Nadal uważam, że wszystkie "zgłoszenia" pochodzą od osób, które nie potrafią udowodnić i nie udowodniły, nawet po 48 godzinach, po terminie, że prowadziły ze mną mediację w sprawach. W szczgólności zgłoszenie i podpisanie listy przez Julo jest kpiną i hipokryzją. Zgłoszenie przez TORa dotyczy jednej i bardzo wątpliwej kwestii. Zgłoszenie A.J. przeszkadza mu wobec mojej osoby, ale nie przeszkadza wobec Tawa. Jego nie banował karnie jako formy "mediacji"

Powiedzmy, gdyby uznać zasadę 48 godzin, to moglibyśmy ewentualnie dyskutować o dwóch kwestiach...
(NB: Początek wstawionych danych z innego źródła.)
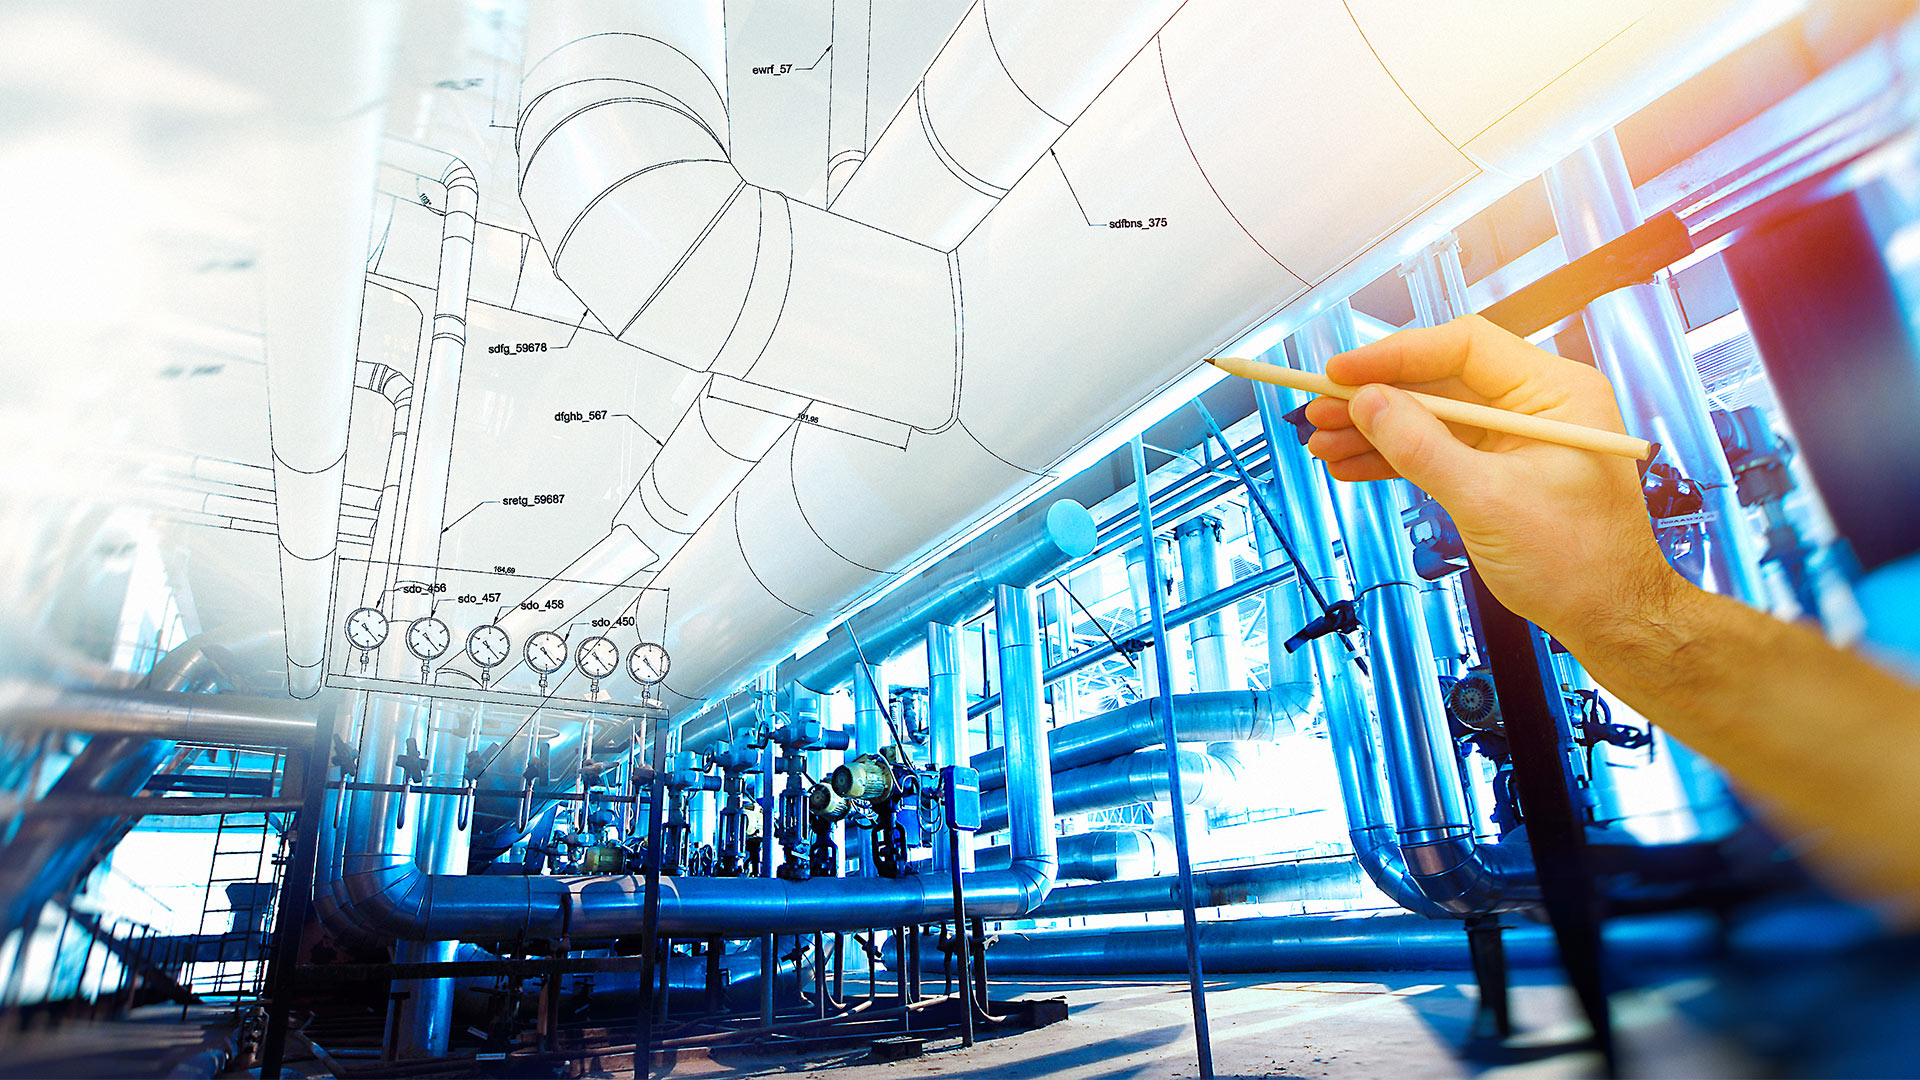 Mechanical Insulators LMCT - Apprenticeship Training - US Department of Labor National Apprenticeship Week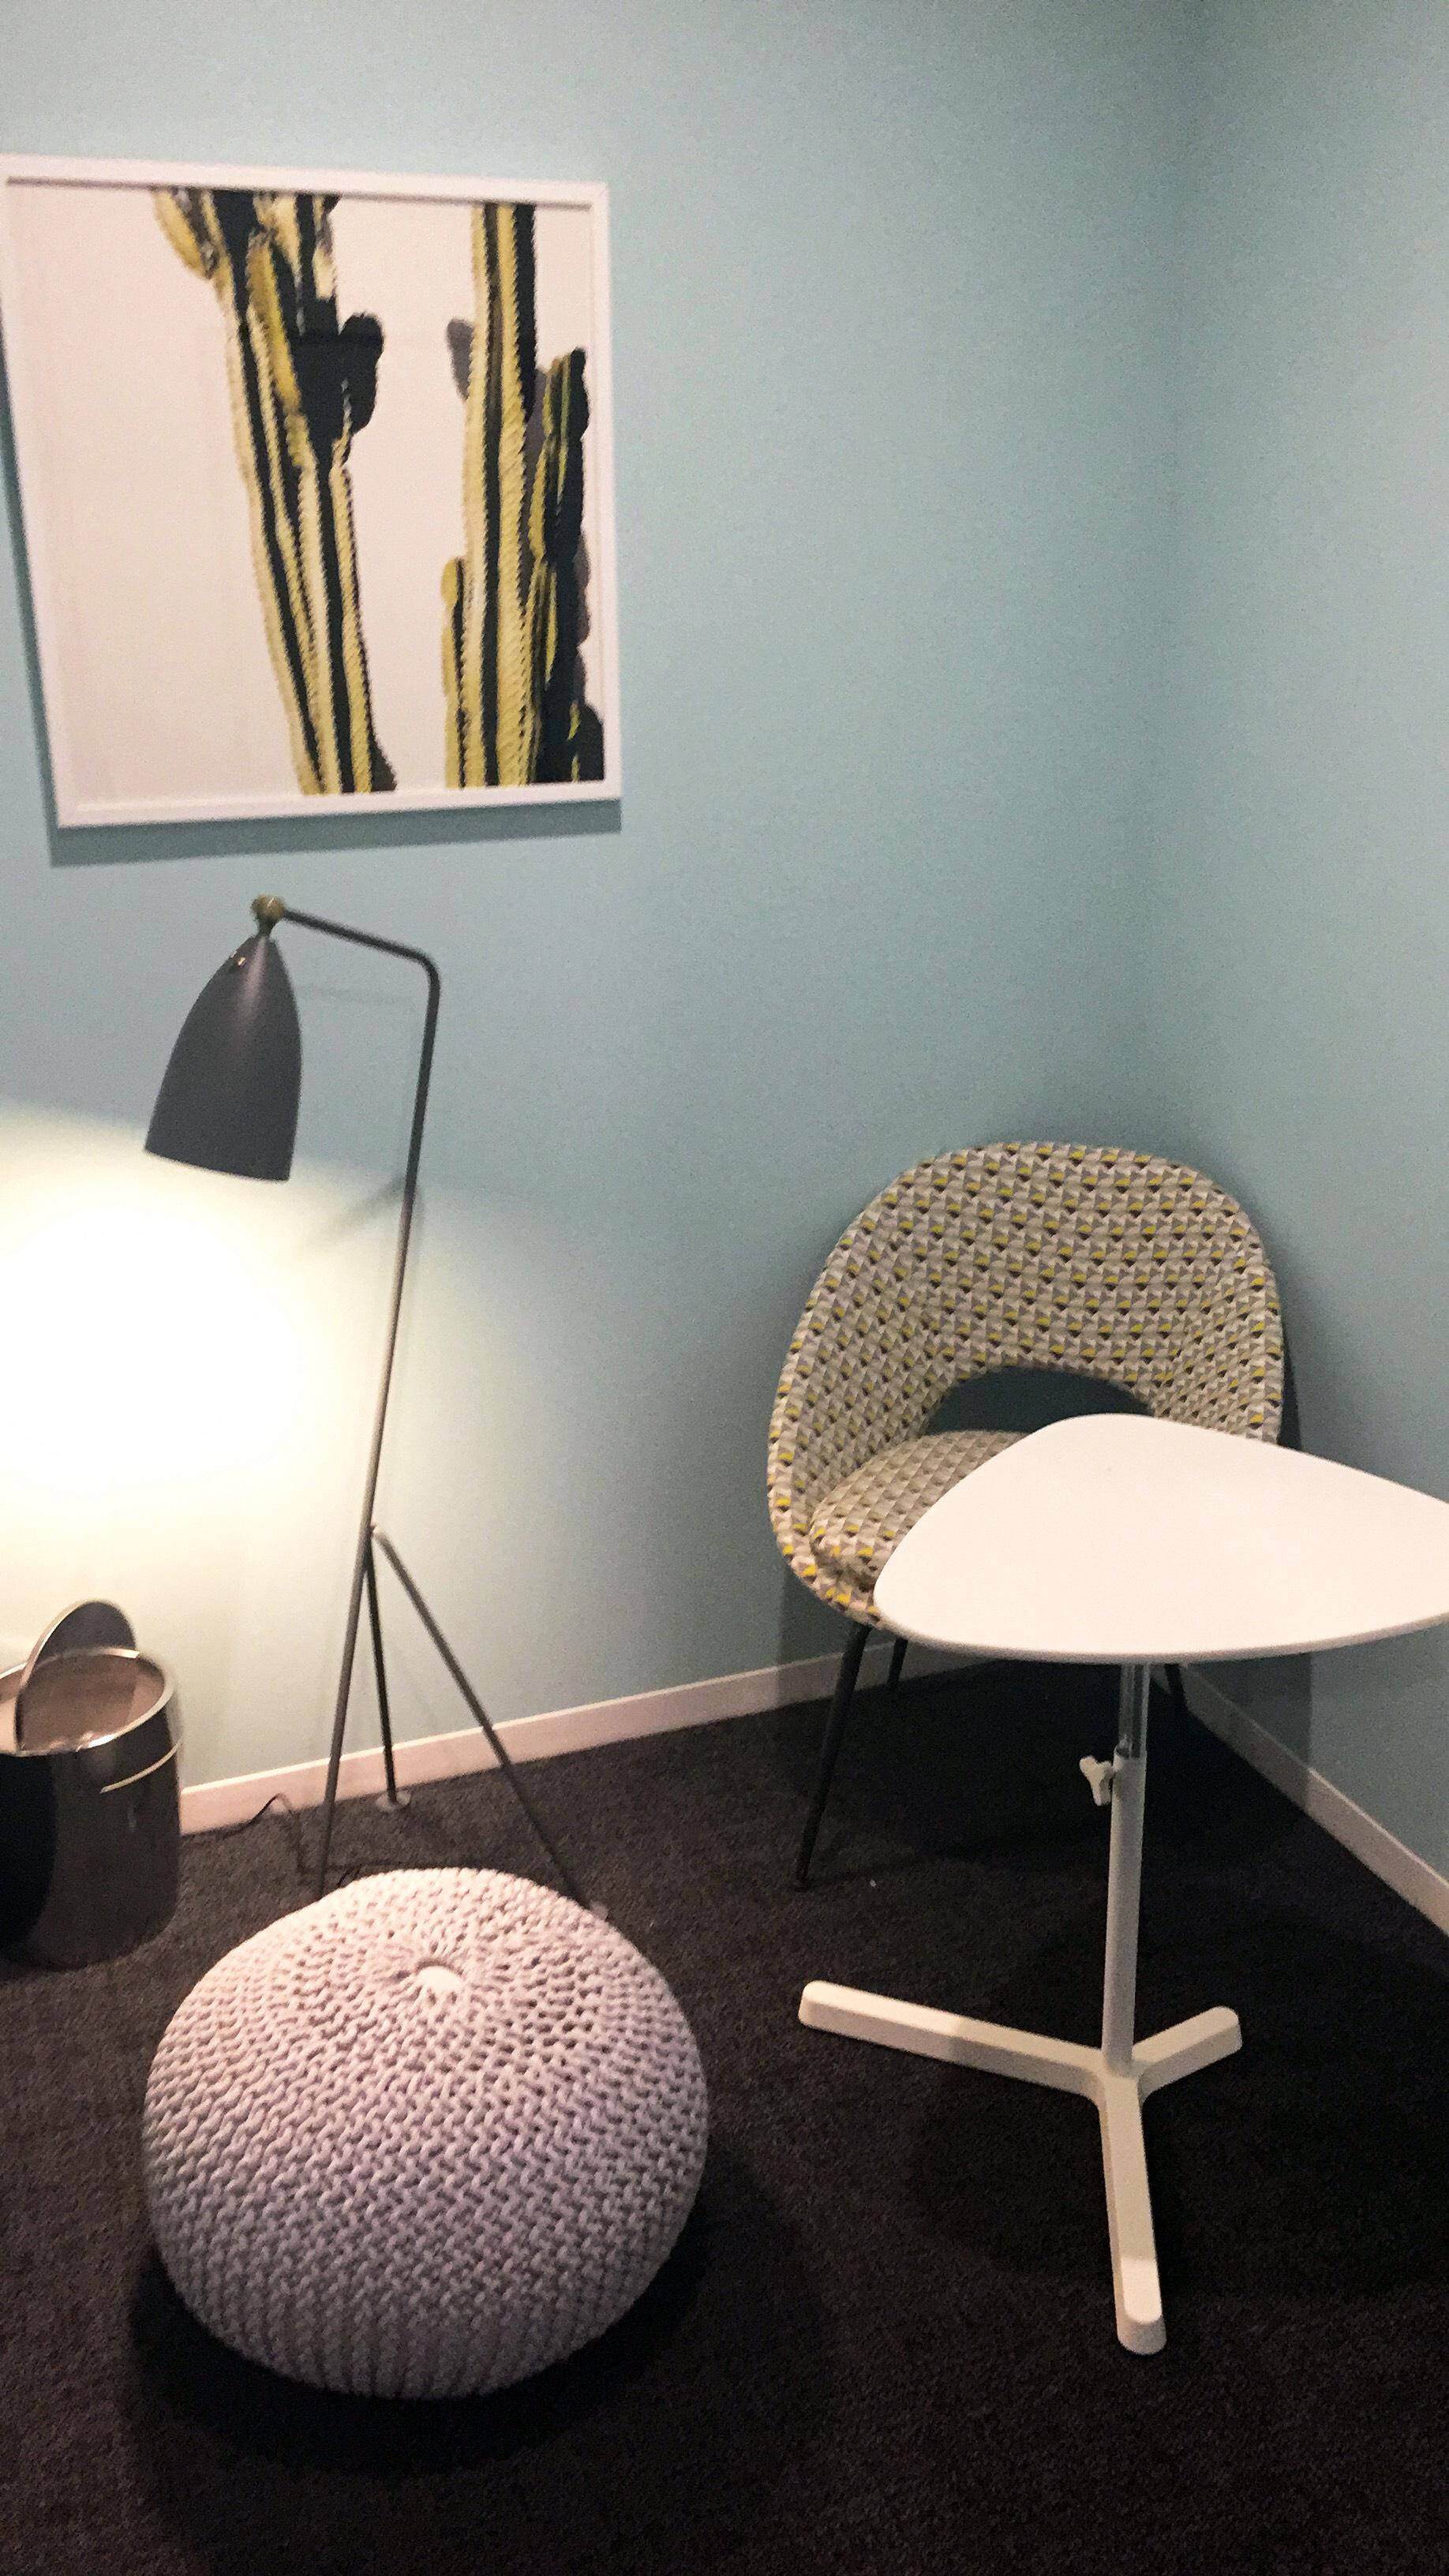 shortpump wellness room

Datrio wpisał się po terminie i bez konkretów.

Tyle. Jak pisałem - nie uznam tego RFC z powodów formalnych. Należy dowieść prób mediacji w kwestiach, by móc się skarżyć na czyjeś działania mimo prób zażegnywania konfliktu... tu GRUPKA ADMINÓW, wierząc, że są siłą i mają "poparcie moralne i fizyczne możliwości" pacyfikuje mnie, bo jestem niepokorny i wypominam im błędy...

Jestem w stanie przeprosić każdego, kto pokaże, że go obraziłem. I mogę poddać się dowolnemu decydowaniu zaakceptowanej przeze mnie osoby na Wikipedii. Myślę, jednak, że niektórzy wolą pozamiatać śmieci pod dywan i tak udawać, że "broniąc Wiki" obronili się przed zarzutami.

PS. Faktycznie teraz nie mam zbyt wiele czasu...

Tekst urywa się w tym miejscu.